Drop the images, then output the listing exactly.

BEGIN DATA BELOW

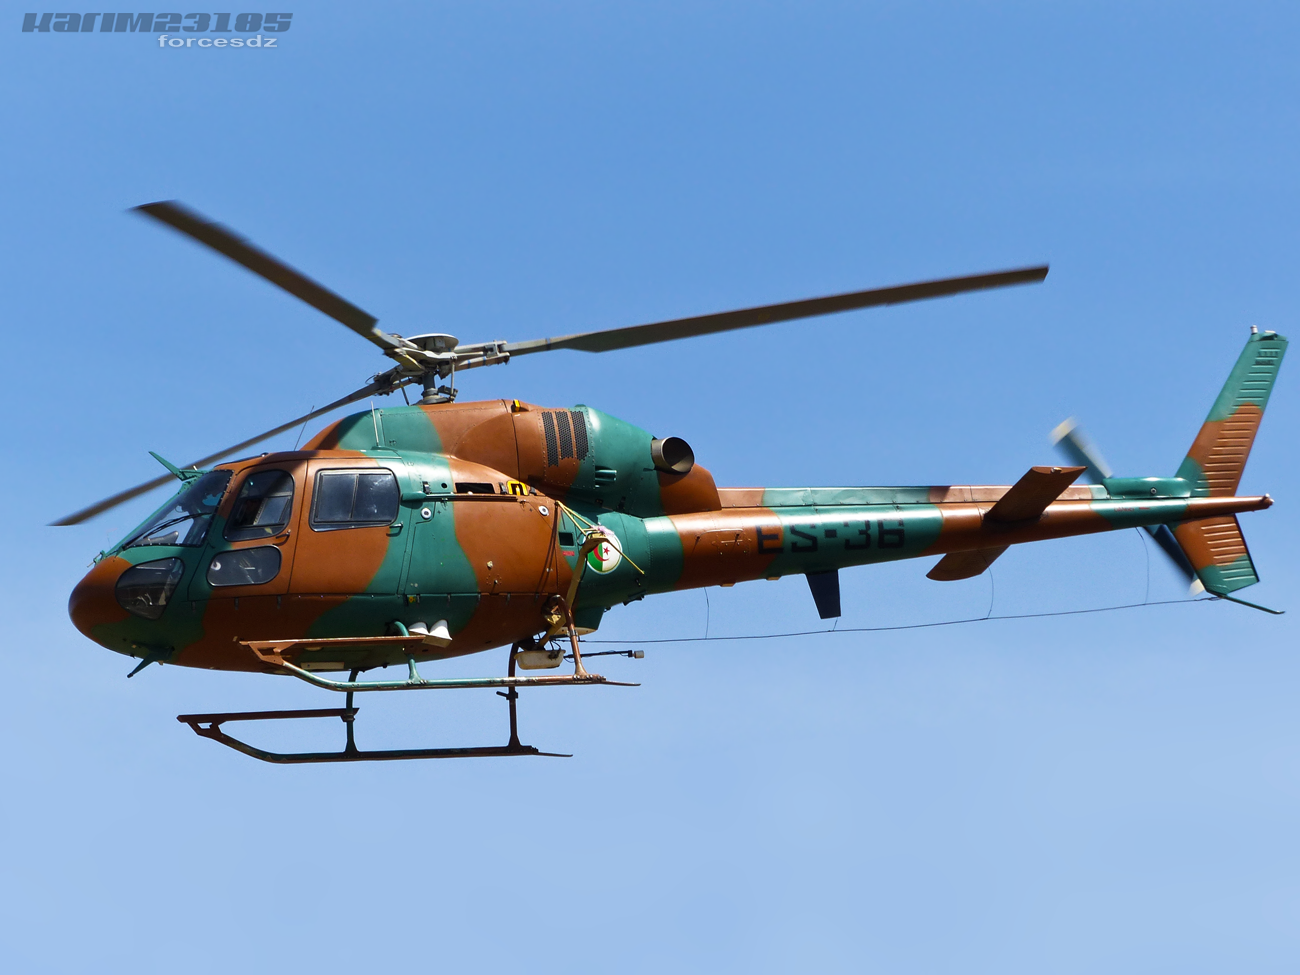 صور مروحيات القوات الجوية الجزائرية Ecureuil/Fennec ] AS-355N2 / AS-555N ] - صفحة 3 366
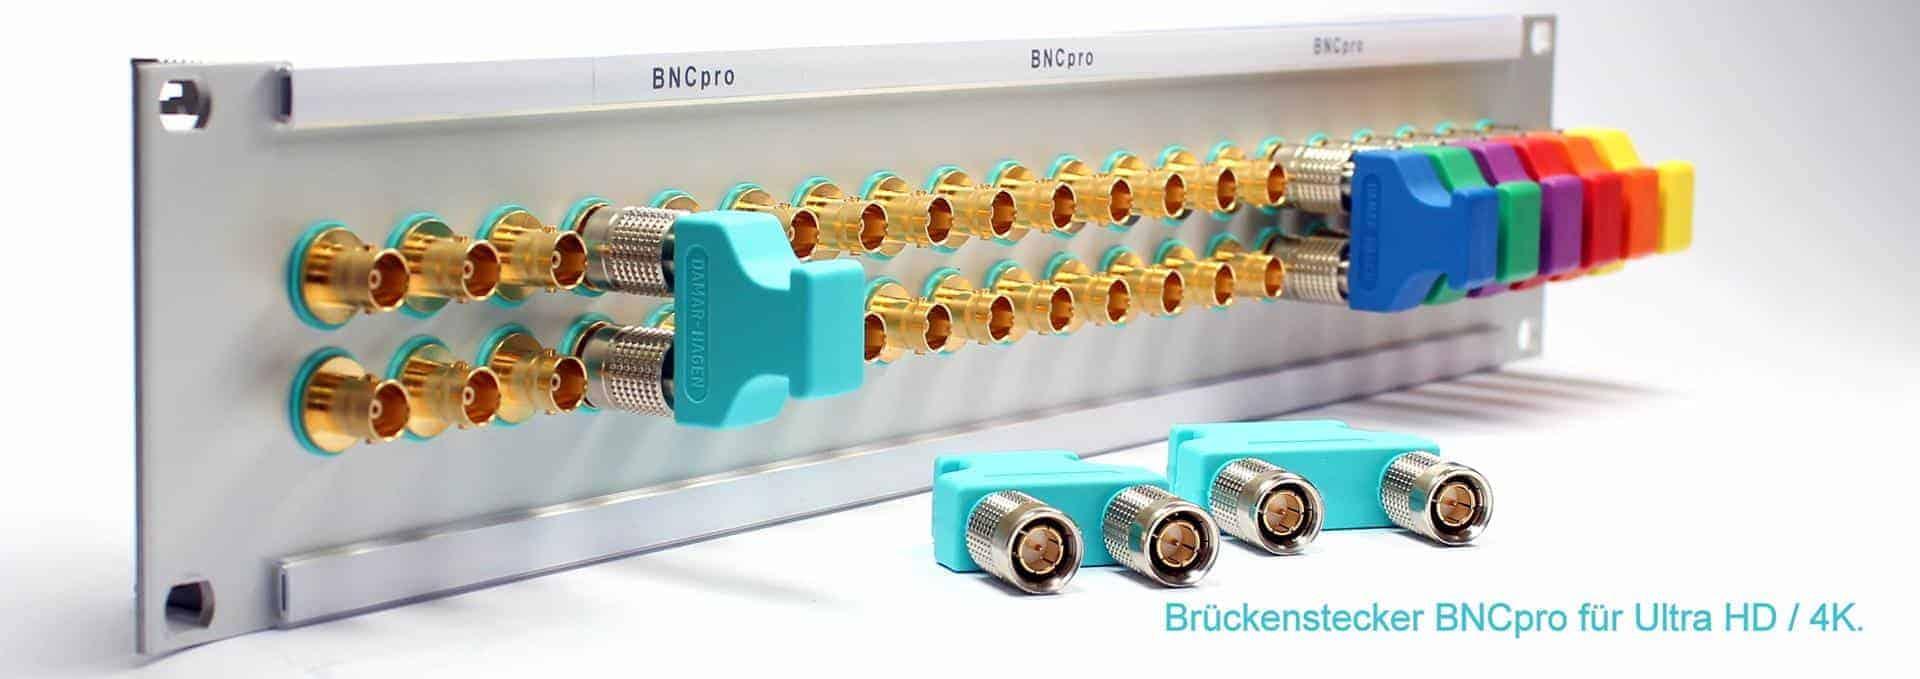 BNCpro-Brückenstecker-Slide
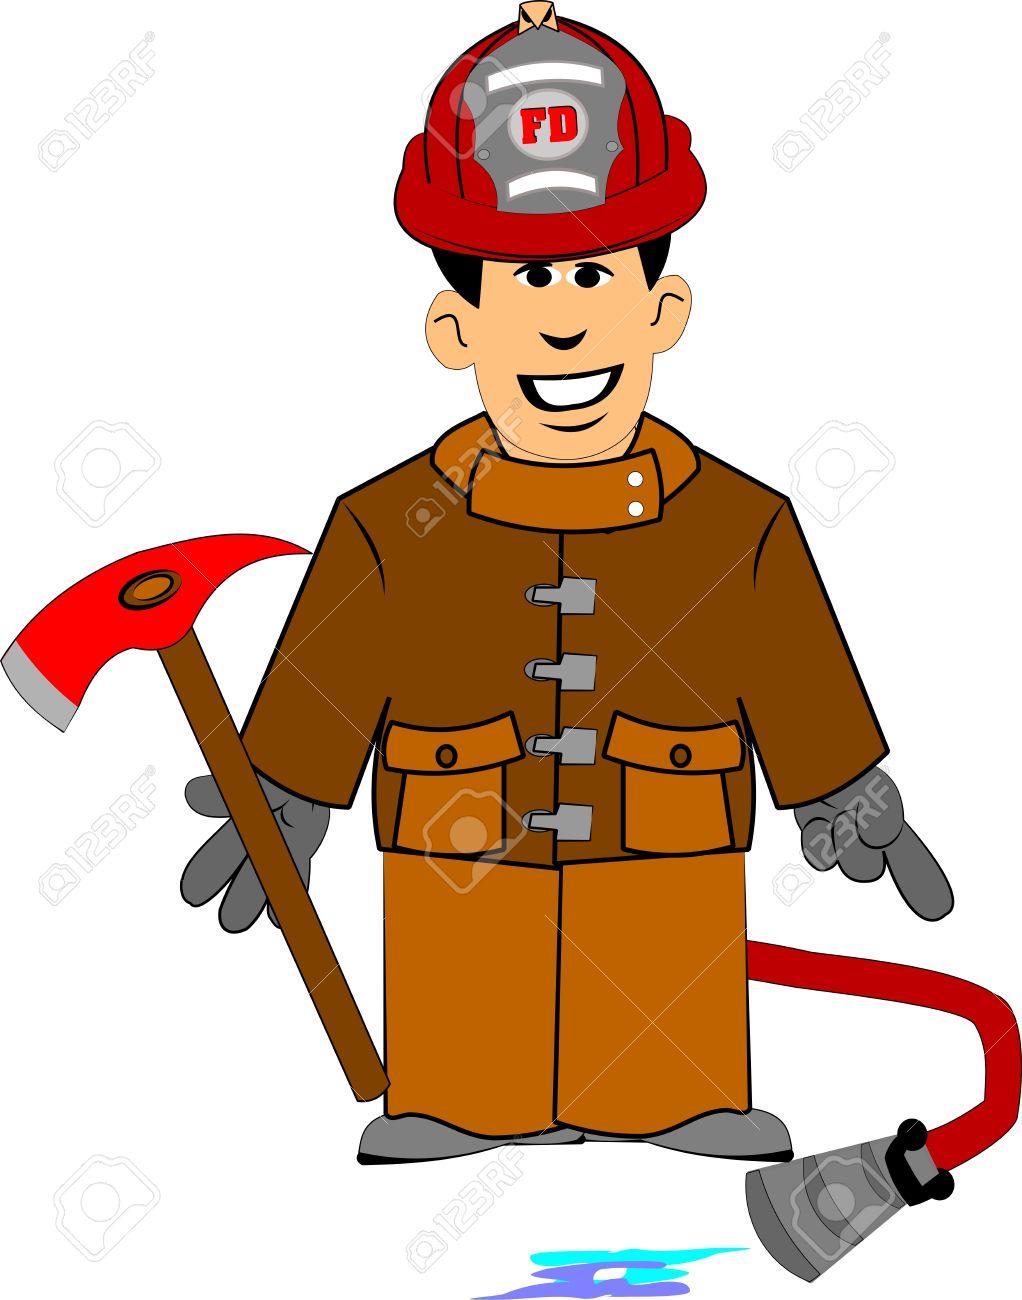 fireman clip art #13   67 Fireman Clipart   Clipart Fans

END DATA BELOW

SOLUTION TO THE PROBLEM =>
 صور مروحيات القوات الجوية الجزائرية Ecureuil/Fennec ] AS-355N2 / AS-555N ] - صفحة 3 366
 BNCpro-Brückenstecker-Slide
 fireman clip art #13   67 Fireman Clipart   Clipart Fans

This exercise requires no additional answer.